Just a few minutes ago there had been total dark, but now Nathaniel realized that Hawkeye's face was bathed in a flickering light. On the other side of the courtyard, the garrison was on fire.

"Jesus wept," whispered Robbie, rising to his feet.

The garrison erupted like an anthill as the sentry sounded the alarm. The seminary bells began to ring almost immediately, and across the city others joined in. There was nothing like a blaze to wake up a town built of wood. Soon half of Montréal would come pouring in.

Over the noise they could just hear running footsteps in the hall, buttons and weapons and keys jangling. A new guard appeared at the door, his face as white as his shirtfront as he worked at the lock, a musket in one hand. No more than eighteen, but tall and well built. His gaze flitted again and again to the glow of fire in the small window.

"It would be easier if you put down the gun, son," said Hawkeye in an easy way. "We won't rush you."

With a soft curse the boy dropped the musket and used both hands to turn the key. The door swung open. His Adam's apple rode the length of his neck as he met their eyes, one by one.

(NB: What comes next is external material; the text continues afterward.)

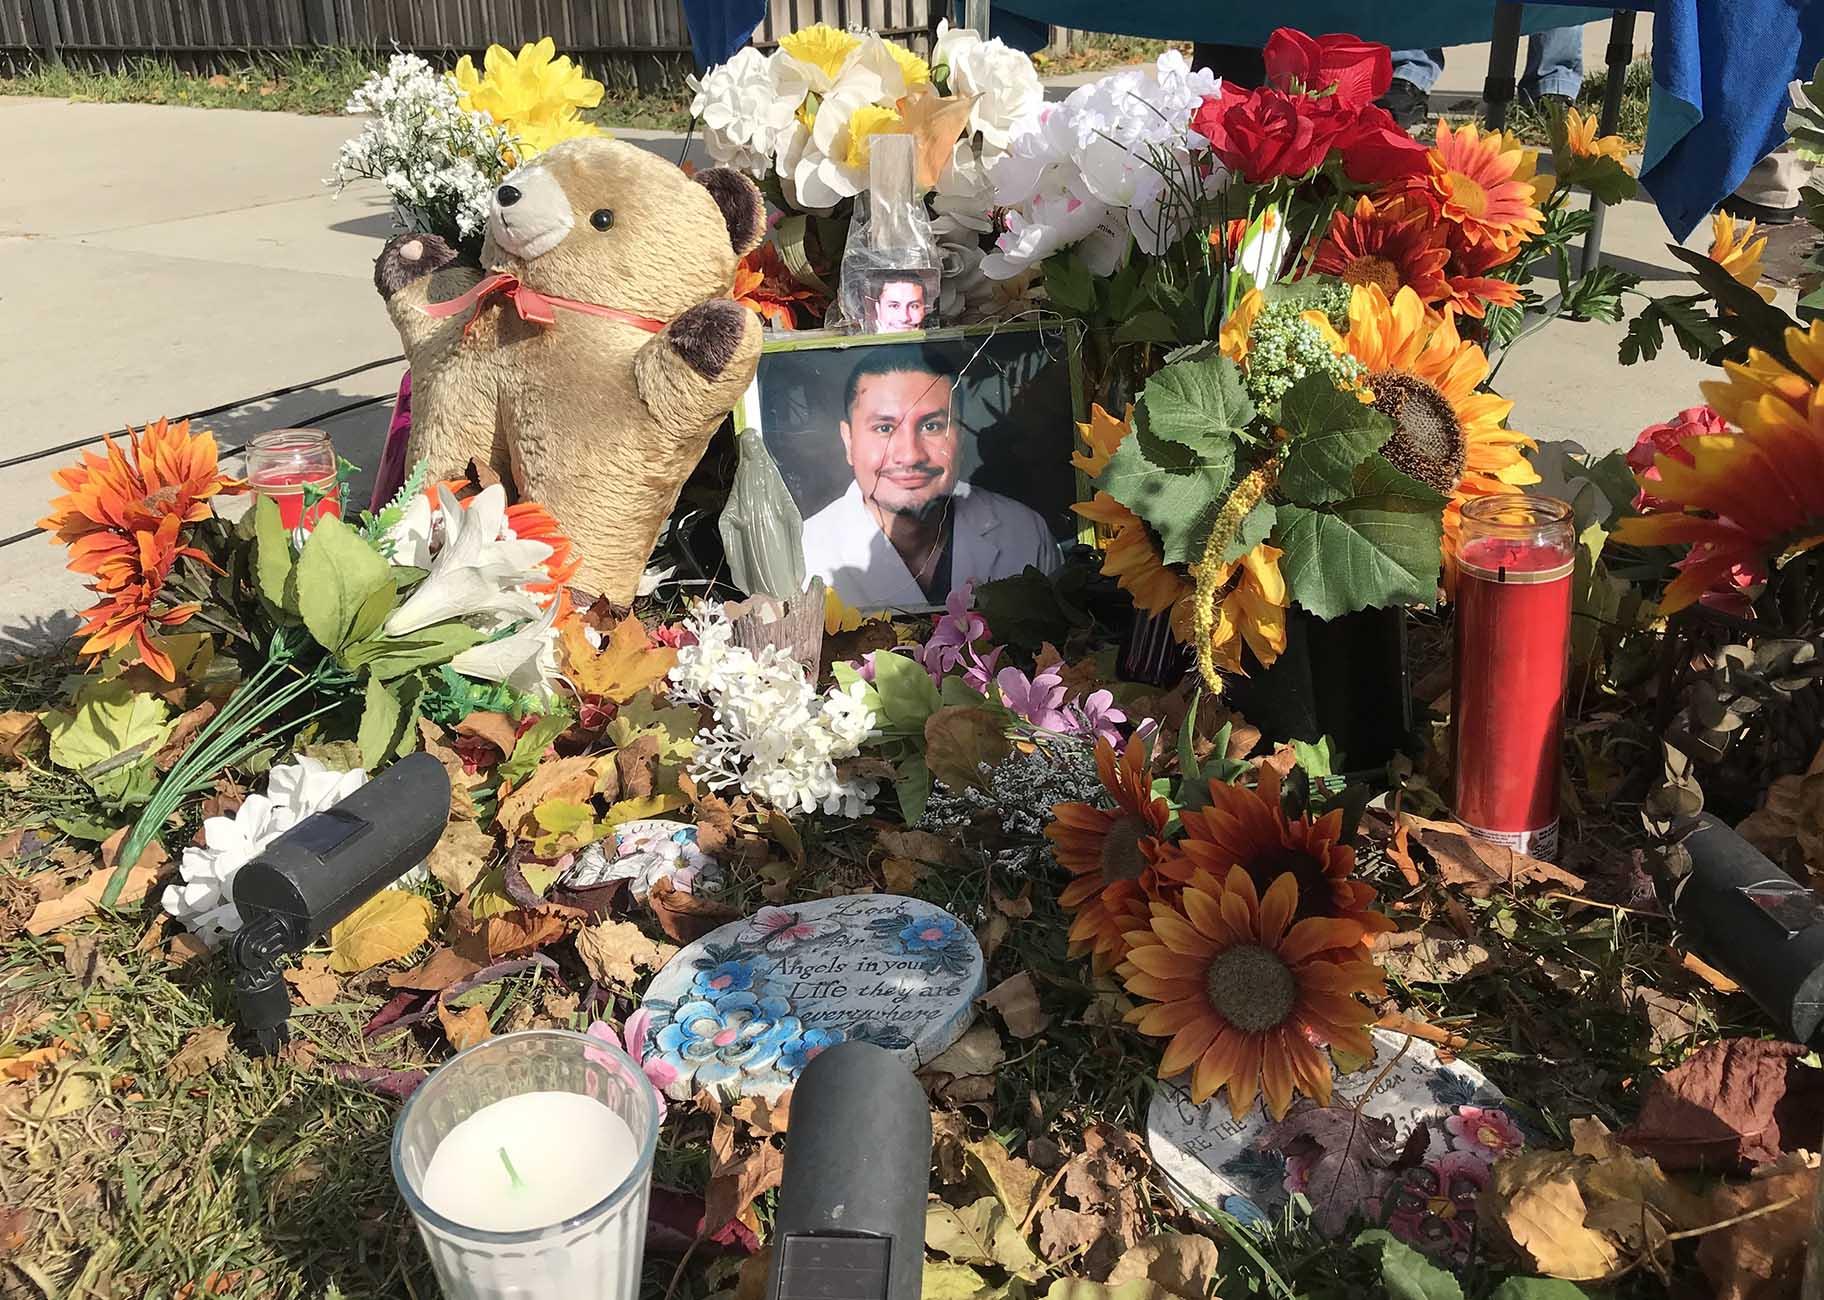 The family of Frank Aguilar added new flowers and a new photo to his memorial at the corner of South Hamlin and West 32nd Street to honor his life on Sunday, Nov. 1, 2020, the eve of Day of the Dead. (Ariel Parrella-Aureli / WTTW News)

"Iona sends word. You're to follow me."

"Luke," said Robbie, squinting at the boy. "I should ha' reconized ye." He made a feeble gesture with his hand, as if to present the boy to Nathaniel and Hawkeye.

"Who is this, Rab?" Nathaniel had never heard of this boy, and there was something strange in Robbie's expression.

The boy spoke up. "Iona is my grandmother," he said, and Nathaniel saw Robbie's mouth twitch. But there was no time to be surprised and less to ask questions.

"We are damned glad to see you, lad," Hawkeye said. "But where's the other guard?"

The boy shrugged, calmer now as he picked up the dropped musket. "He felt the sudden need to take a nap. We've got to make tracks, there's no more than ten minutes."

"Until what?" asked Nathaniel.

"Until they put the fire out or it reaches the gunpowder stores," said Luke. "If anybody asks, I'm taking you to the lieutenant governor." He pointed down the dim hall with his musket, and they set off.

They ran with the boy at the rear, his musket pointed at their backs, down stairs that echoed with a hundred shouting voices. In the doorway they hesitated at the sight of the fire, creeping along the north wing of the garrison like a blind animal looking for food. The courtyard was full of smoke and rushing men, dodging the gallows in a ragged bucket line. The hangman's noose twirled in the wind. Thompson and Jones were on the other side of the courtyard, in the line with most of the guards, some of them in nightshirts.